DATASET CONTENT:
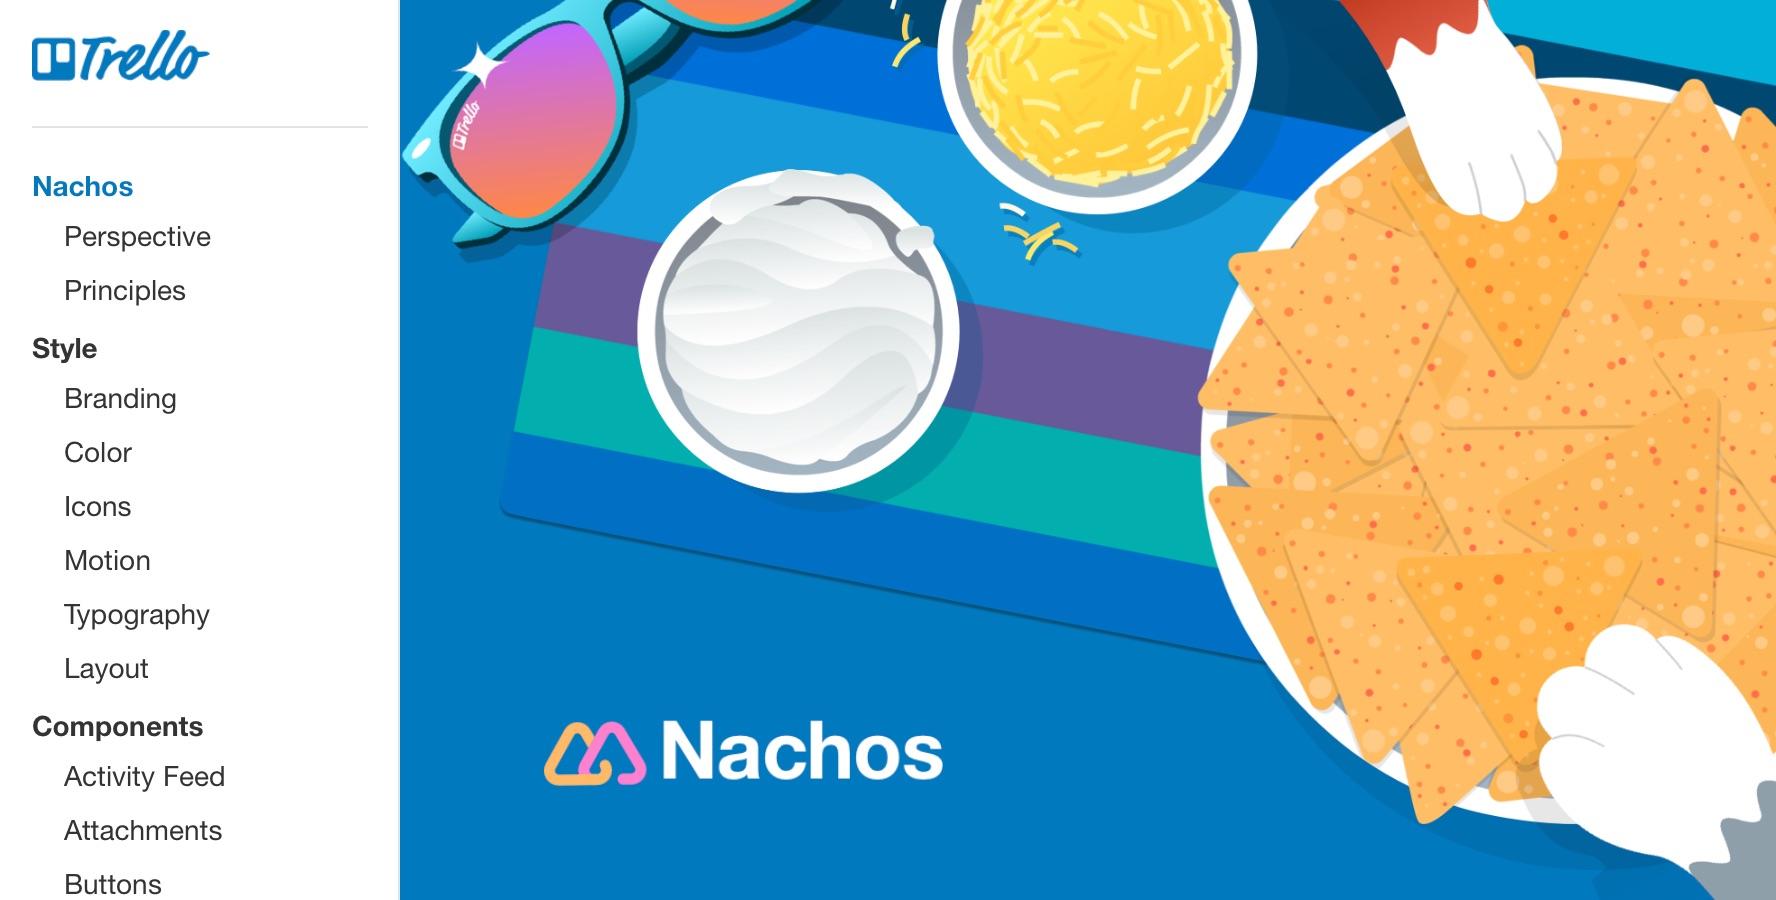 nachos-lead.jpg
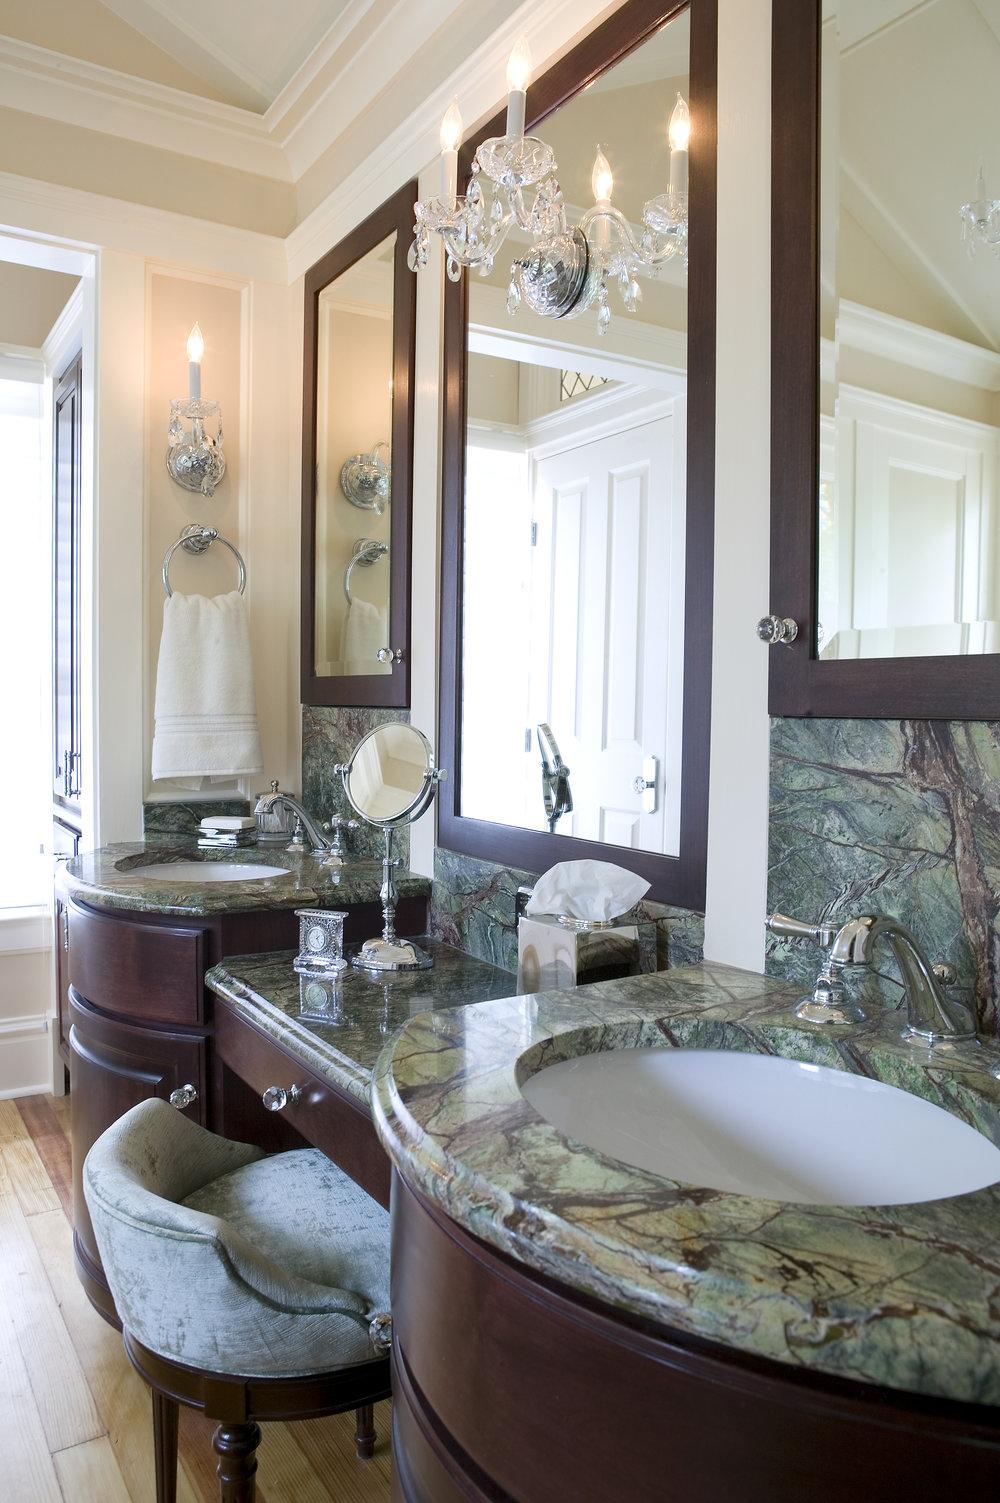 Bathroom interior designer Chicago 1210 GREENWOOD 010.jpg
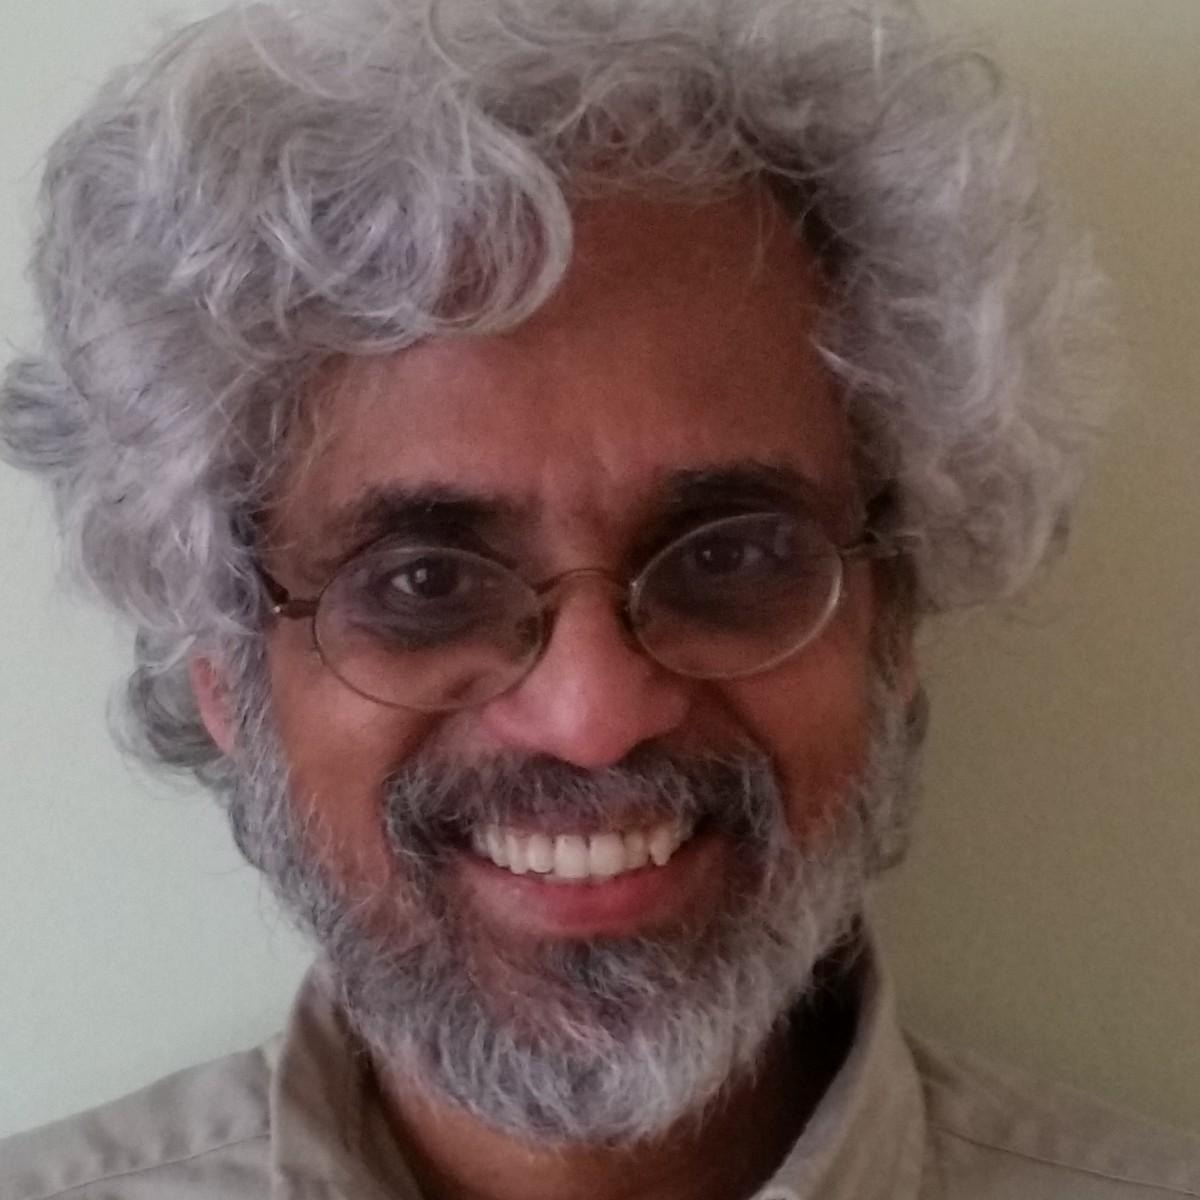 Ajay Skaria

WHAT YOU ARE ASKED TO DO:
Please write out the material from the line containing "Bathroom interior designer" to its final line, both inclusive, exactly as it appears; pictures are not part of the copy.

ANSWER SPACE:
 Bathroom interior designer Chicago 1210 GREENWOOD 010.jpg
 Ajay Skaria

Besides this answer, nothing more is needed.